Commonwealth v. Taylor

POMEROY, Justice,

dissenting.

The majority acknowledges that the right of a defendant to a direct appeal may be waived and that such a waiver may be effectuated by the withdrawal of post-verdict motions provided the withdrawal is knowingly and intelligently made. See, e. g., Commonwealth v. Tate, 473 Pa. 478, 375 A.2d 341 (1977); Commonwealth v. Williams, 459 Pa. 589, 330 A.2d 854 (1975); Commonwealth v. Maloy, 438 Pa. 261, *67264 A.2d 697 (1970). The Court concludes, however, that in the case at bar the attempted waiver was not knowing and intelligent. This conclusion is based upon what I think is a strained reading of the record. I therefore dissent.

In Commonwealth v. Tate, supra, Mr. Chief Justice Eagen, speaking for a unanimous Court, noted that in order to establish an effective waiver of the right to appeal, “the accused must be advised that a failure to raise an issue in post-verdict motions precludes raising that issue on appeal”, supra, 473 Pa. at 480, 375 A.2d at 342. The Court finds that element to be lacking in the case at bar. This conclusion, however, is hard to square with the clear explanation by defendant’s lawyer made in the course of the colloquy conducted by the trial judge, and in the presence of the defendant, which preceded the acceptance of the defendant’s withdrawal of the post-trial motions:

MR. RIDGE: “. . . Mr. Taylor has been informed that by withdrawing this motion, he is waiving any of the potential objections that he may have had to the trial, to include, of course, any errors and admissions of possible prejudicial testimony, the Court's Charge, anything that defense counsel may have thought were possible grounds to give him a new trial. He has been advised that by waiving or withdrawing this particular motion, he is waiving forever these grounds as a possible source for a later appeal.” (Emphasis added.)

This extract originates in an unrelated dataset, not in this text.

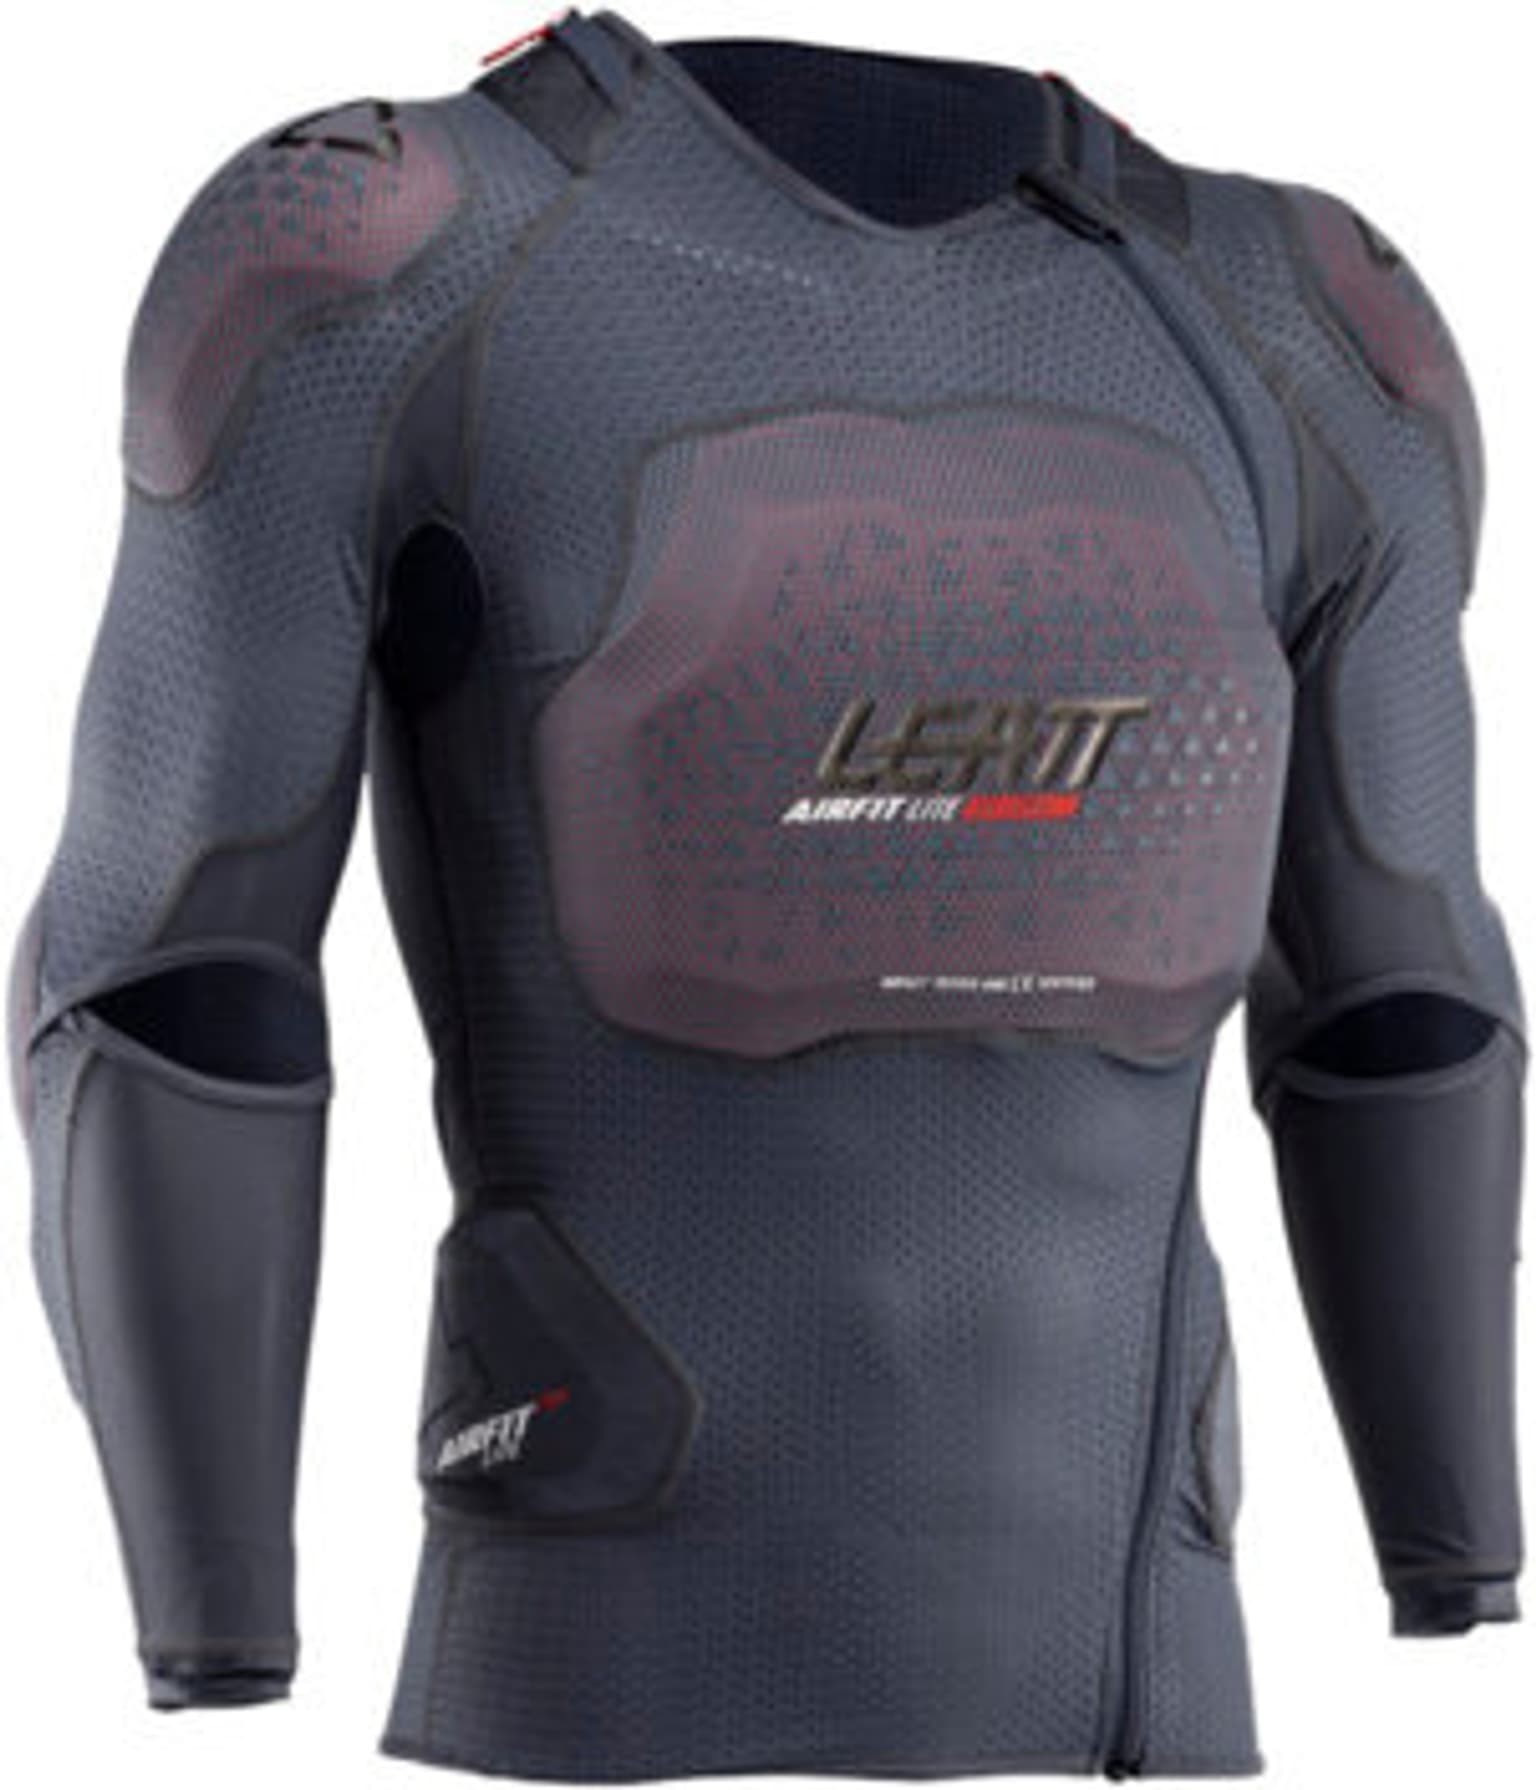 Leatt Leatt 3DF Body Protector Airfit lite Evo Protektoren nero 1

In his opinion filed pursuant to this Court’s remand order, the trial judge noted that the defendant “was an intelligent individual who appeared to understand everything that was said to him,” and that by reason of professional testing, Taylor’s lawyer deemed him to be of above average intelligence. The court went on to state:

“The defendant by his testimony at the evidentiary hearing would now want this Court to believe that he was under some sort of pressure in that he wanted out of the County Jail and further, that he thought that the withdrawal of such Motions related only to the three basic reasons stated in the Motions that were filed, and would *68not in any way bar his appealing later on the admission of Officer Rigazzi’s statement. This Court finds such testimony not credible. Considering the abilities of the defendant, the competency of his counsel, their advice to him, and the colloquy conducted by the Court, it can only be determined that the defendant’s decision to withdraw these Motions at the time was knowingly and intelligently given, with a full consideration of the consequences.”

I see no justification for this Court now to reverse the trial judge’s finding that the defendant was not to be believed when he stated at the hearing that he misunderstood what he was doing when he withdrew the motions.

LARSEN, J., joins in this dissenting opinion.